When the Soviet tanks arrived, a fierce battle broke out. Sources do not specify whether the German forces in this engagement had 88 mm anti-aircraft guns available. Only 37 mm and 50 mm anti-tank guns are mentioned, and these would have been powerless against Soviet T-34 and KV-1 tanks. Nevertheless, the Germans apparently succeeded in repelling the 12th Tank Division's assault, reportedly destroying 18 Soviet tanks in the process. The Luftwaffe then arrived and spent several hours attacking the Soviet tanks, artillery and supply vehicles. By the end of the day the 12th Tank Division had lost 33 tanks, including five KV-1 and eighteen T-34 (note: the accounts of the 12th Tank Division's fighting on 26 June 1941 differ considerably between the two main publications we consulted).

The sister 34th Tank Division (also part of the 8th Mechanised Corps) was advancing in a similar direction but somewhat further east, and was doing considerably better — it mostly encountered German infantry on its route, which it was able to drive off. Apparently sometime after noon, the division occupied the towns of Khotyn and Ridkiv (roughly 10 kilometres southeast of Berestechko), then sent its tanks northward toward the town of Ostriv, which lay on an important road running from Berestechko all the way to Dubno. The Germans needed this road to supply their forward elements further east and Ostriv was in serious danger — the Germans were even preparing to blow up the local bridges to prevent the Soviets from crossing the Styr and pushing north.
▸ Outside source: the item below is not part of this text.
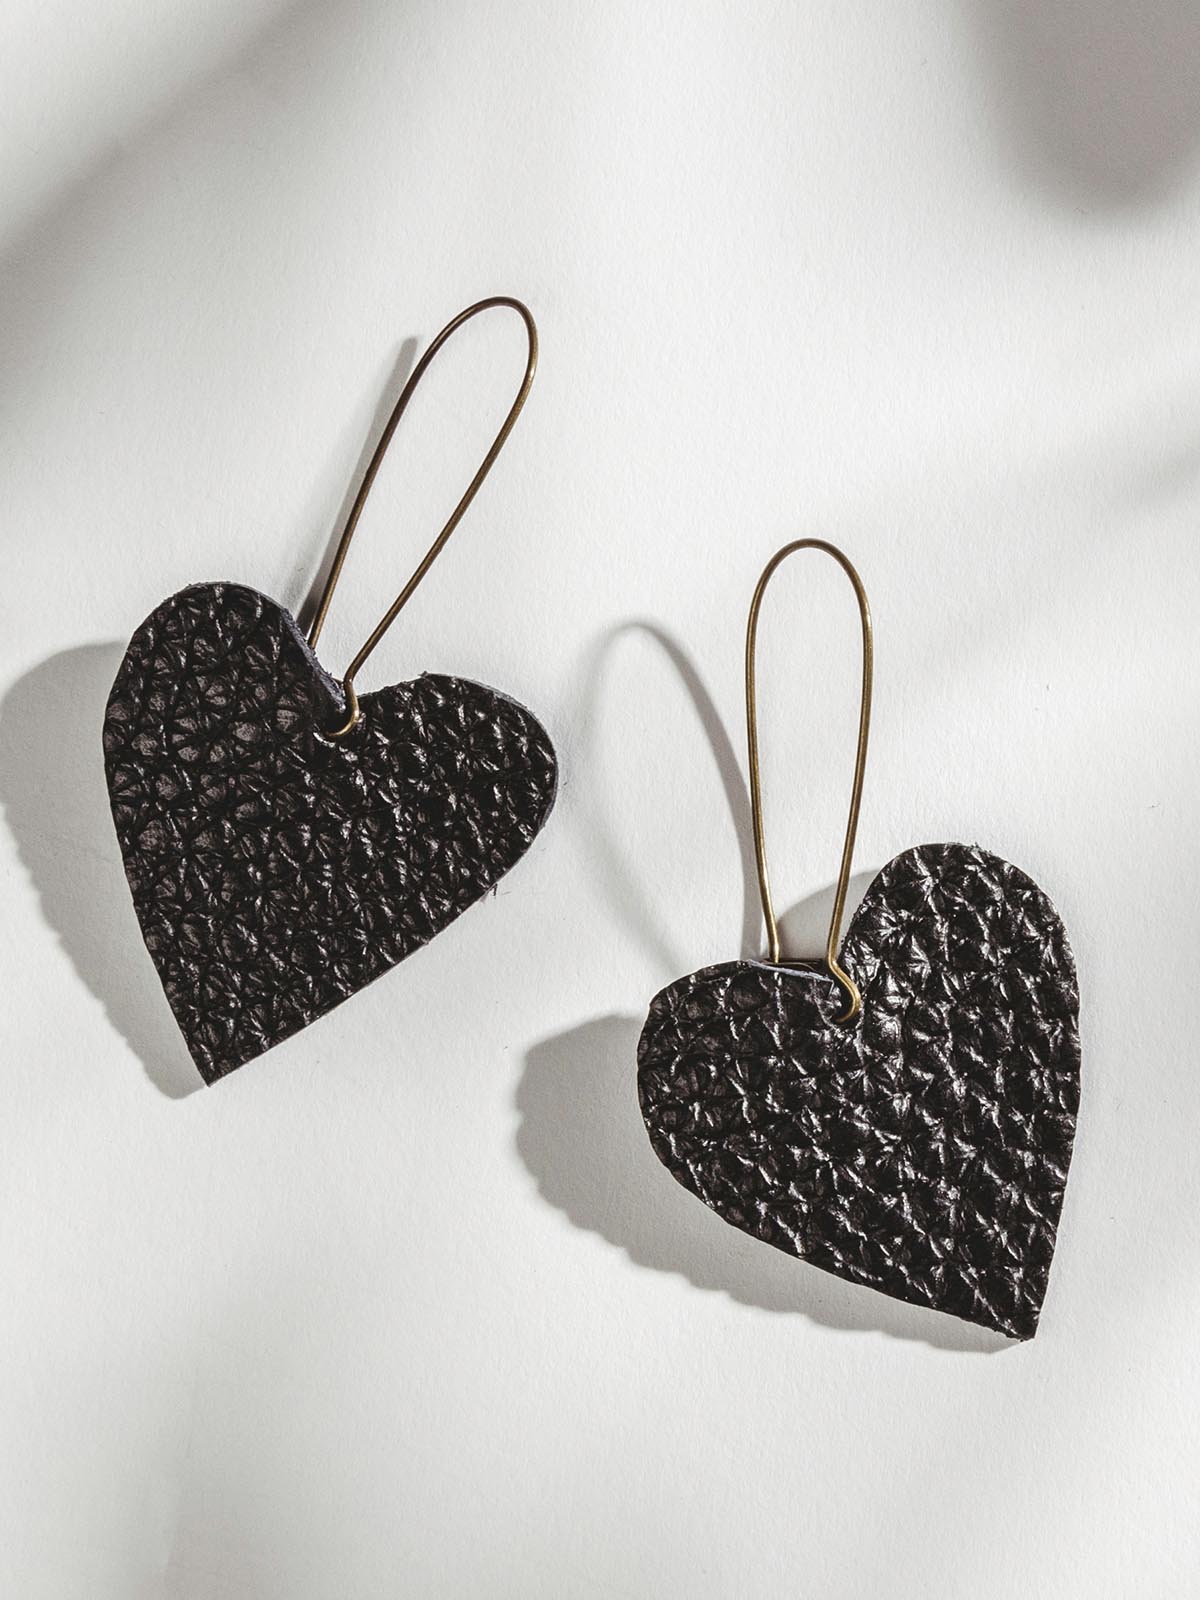 Black leather heart earrings on white surface.

However, the 34th Tank Division was mostly equipped with light tanks, and the Germans ultimately managed to halt its advance with artillery fire before it could reach Ostriv. The division fought on bravely, but when it failed to make progress over an extended period, its commanders grew concerned about being outflanked. By the end of the day the unit prudently pulled back to the area around Khotyn, having lost 31 T-26 tanks, 5 BT tanks and 3 armoured cars in the day's fighting.

Knocked-out T-34 and BT-7, source: Worldwarphotos.info with permission of the operator, edited

On how the 15th Mechanised Corps fared on 26 June, the available literature has relatively little to say. This corps was deployed on the left flank of the 8th Mechanised Corps. Its 10th and 37th Tank Divisions were to advance roughly in the direction of Lopatyn and on toward Berestechko. Although both divisions together had 64 heavy KV tanks on the day of the German invasion, each could now commit only ten. These heavily armoured machines led the assault, shielding the light tanks behind them. But the 15th Mechanised Corps encountered something even worse than German tanks — enemy heavy artillery and air defences equipped with the 88 mm dual-purpose gun. Their fire, combined with Luftwaffe attacks, reliably halted the Soviet advance. Sources unfortunately do not provide the exact number of tanks the 15th Mechanised Corps committed that day, but by the end of the fighting it had around 260 remaining (from over seven hundred on 22 June), including 44 modern KV-1 and T-34 — still a force not to be underestimated.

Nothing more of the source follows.